Et de la négation qui pour Freud n’est pas sans rapport avec les capacités d’expulsion de
l’organisme, permettant de ce fait, l’appréhension d’une distinction entre intérieur et
extérieur, entre un jugement d’attribution et un jugement d’existence, entre l’avoir et l’être.
Avec ces concordances, ce ne seront pas les seules, la charge du poète se trouve
corroborée. D’autres paroles viendraient facilement le soutenir. Paroles non délirantes peut-
être, mais toujours iconoclastes. Alors la question de l’image assassinée, de cette image qui
fige et impose de ce fait un sens univoque, cette image qui fabrique le leurre du sens unique,
l’assassinat de cette image résonne. Mieux encore : il nous parle.

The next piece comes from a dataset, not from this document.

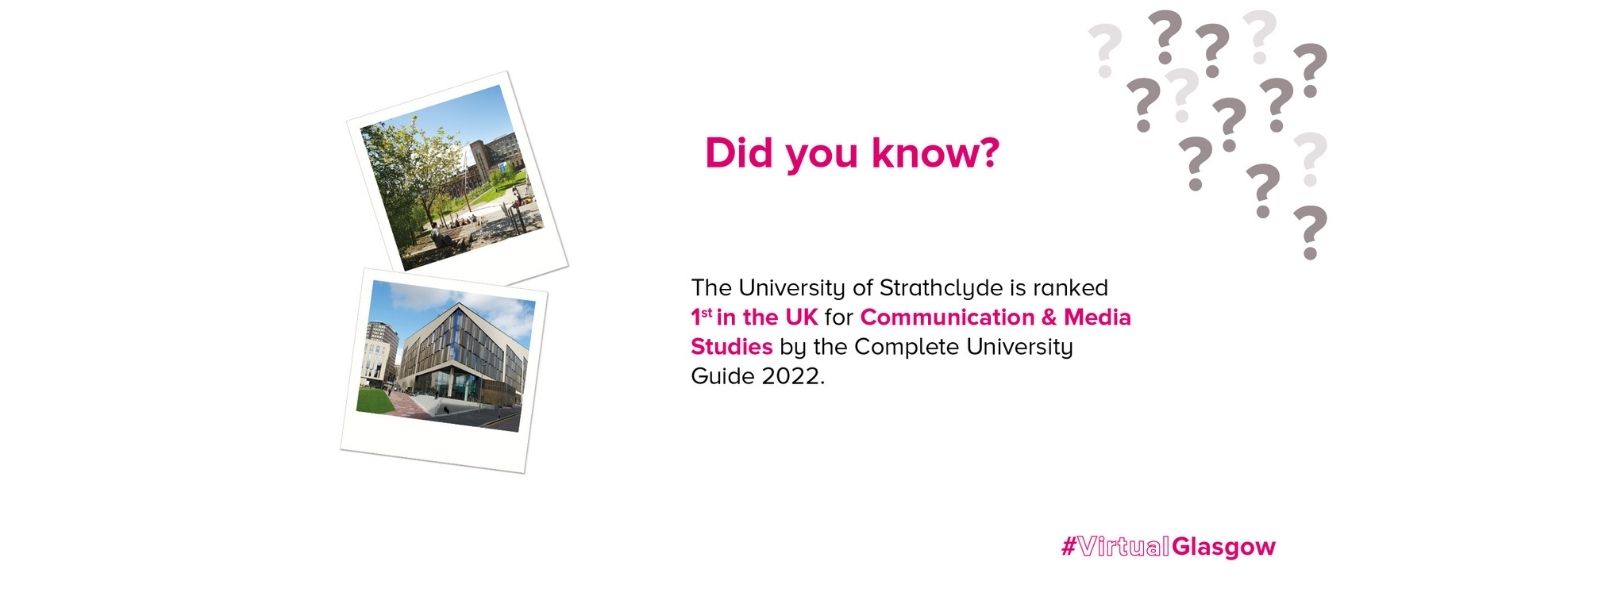 A slide from Glasgow Convention Bureau's Hybrid Toolkit displaying information on University of Strathclyde's rankings

Que ce soit au sujet du tabou, de l’interdit de l’occulte, — « tout ce que nous voyons, n’est
que façade » — ou encore à propos des « fausses apparences » :
« Il (dieu) utilise l’esprit de pureté d’une conscience demeurée candide
comme la mienne pour l’asphyxier de toutes les fausses apparences qu’il
répand universellement dans les espaces et c’est ainsi qu’Artaud le Mômo
peut prendre figure d’halluciné »,
alors les dénonciations, toutes les façons de dire et de répéter non, mais aussi : de voir
NON (trois lettres symétriques), ce non, pour en finir, revient à faire un trou, un orifice,
l’ouverture.
Il y a plusieurs trous dans le cahier de 50 Dessins pour assassiner la magie. Plusieurs
trous, et très peu de ratures dans les lignes écrites que les dessins viennent commenter :
« D’imprécation en
imprécation
ces pages
avancent
et comme des corps de
sensibilité
nouveaux
ces dessins
sont là
qui les commentent
les aèrent
et les éclairent. »
Les dessins assassins commentent. Ils commentent l’écriture, celle-là même qui tient le
premier plan de la vision. Et que viennent faire ces trous, qui ne sont pas des ratures ? Ils
indiquent un autre geste encore de celui qui dessine et rédige. Ils évoquent aussi les grandes
peintures du sculpteur Fontana, qui, quelques années plus tard dans les années 60, fendra la
toile d’un coup de lame, ou la transpercera de petits trous, lui aussi. Autre manière d’en finir
avec les autorités implicites, avec ce qui cherche à figer les manières de voir, celles de lire, ou
d’entendre. Autre manière d’expulser ce qui n’existe pas, et qui pourtant s’impose à faire
croire qu’il est être. Dans sa conclusion, Pour en finir avec le jugement de dieu résout la
question. Belle manière d’en finir :
« Dieu est-il un être ?
S’il en est un c’est de la merde.
S’il n’en est pas un
Il n’est pas. »
S’agit-il d’un assassinat ? En tout cas, être ou merde, c’est aussi par la lettre devenue
visuelle dans ces cahiers de dessins assassins que le crime opère.